• [BRIEF]: Would you reproduce exactly the lines below from the one holding "ATHENA Authentic Ancient" through the one holding "MSD Performance 75643-HC", inclusive, and no others?

• [DATA EXTRACT]:

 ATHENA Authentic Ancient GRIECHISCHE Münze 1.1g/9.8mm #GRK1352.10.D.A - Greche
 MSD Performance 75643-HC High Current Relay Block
...
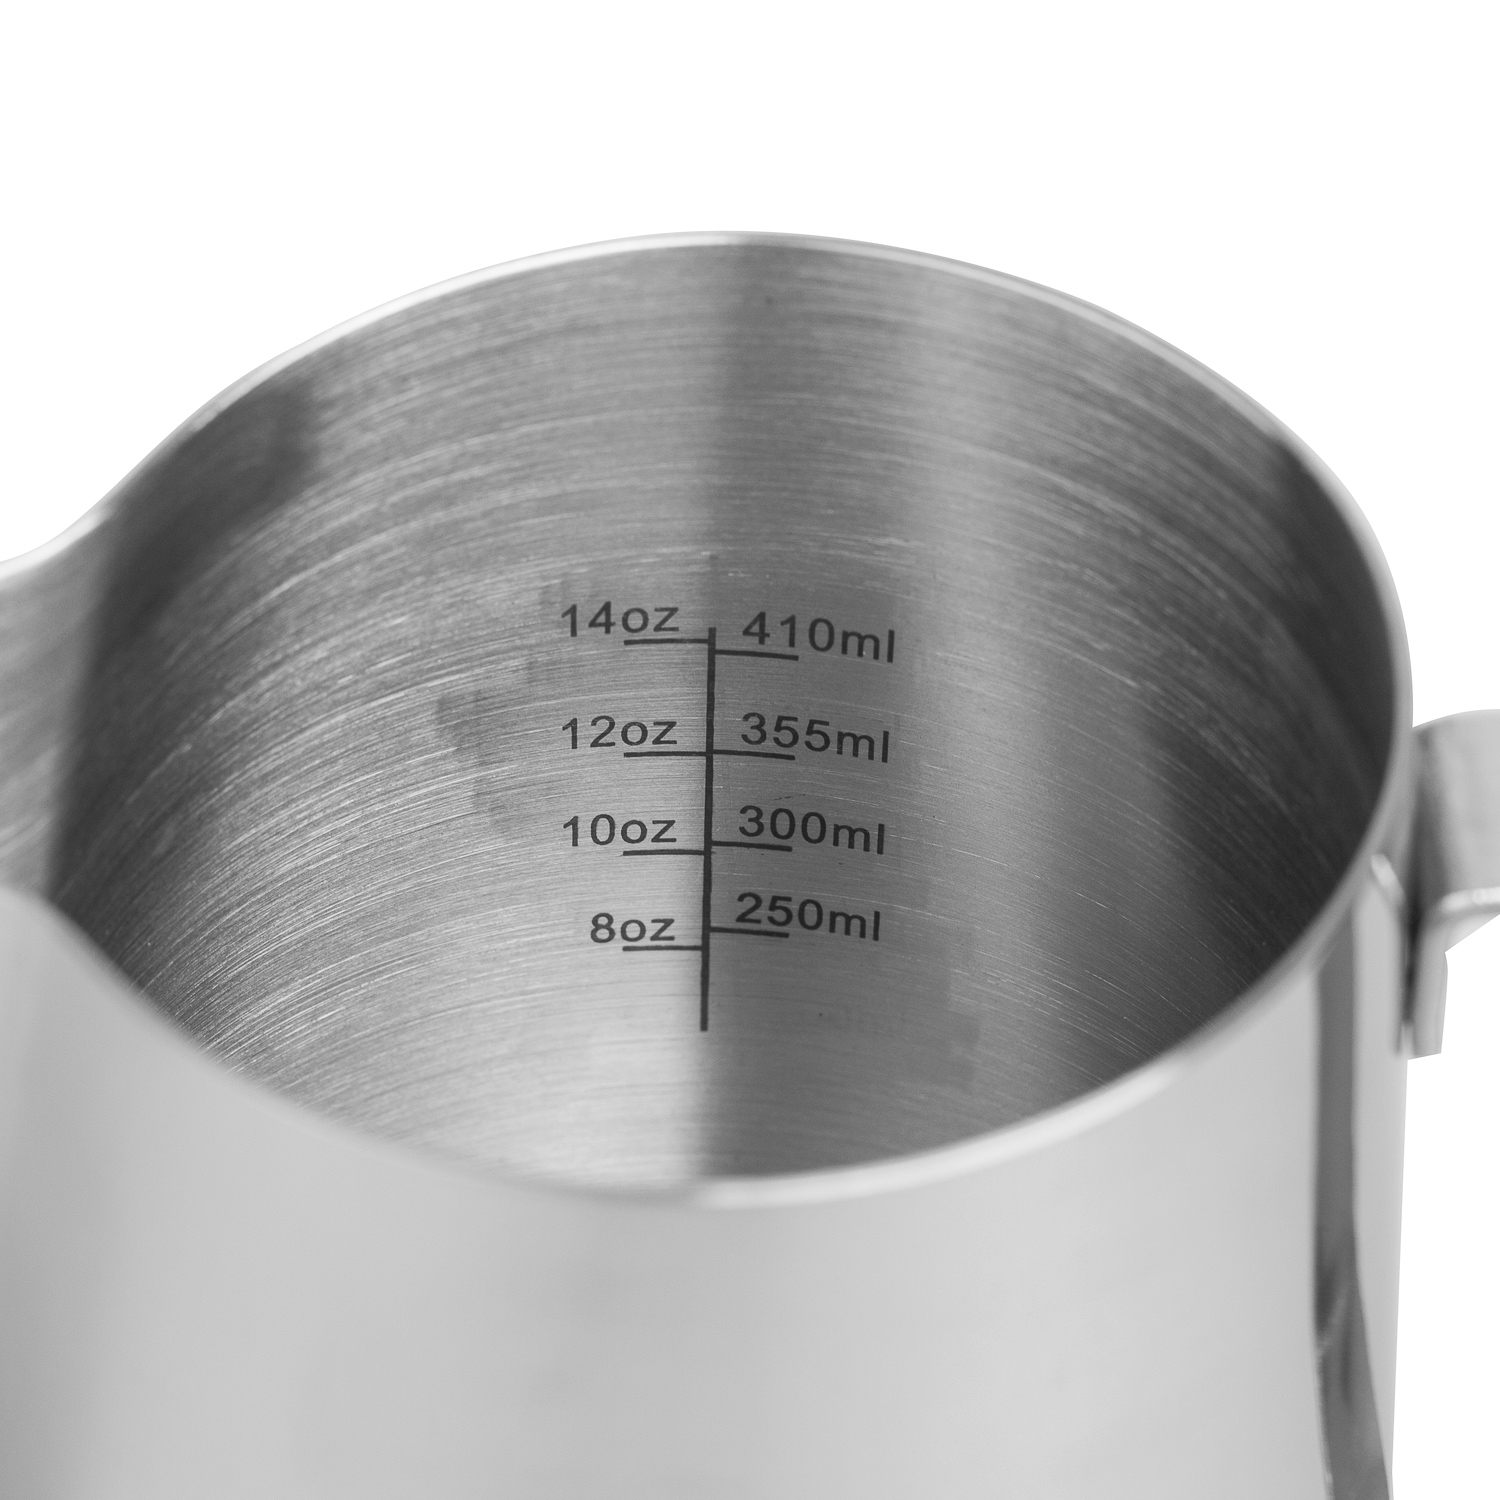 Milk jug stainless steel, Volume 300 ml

• [ANSWER FOR THIS EXERCISE]:
 ATHENA Authentic Ancient GRIECHISCHE Münze 1.1g/9.8mm #GRK1352.10.D.A - Greche
 MSD Performance 75643-HC High Current Relay Block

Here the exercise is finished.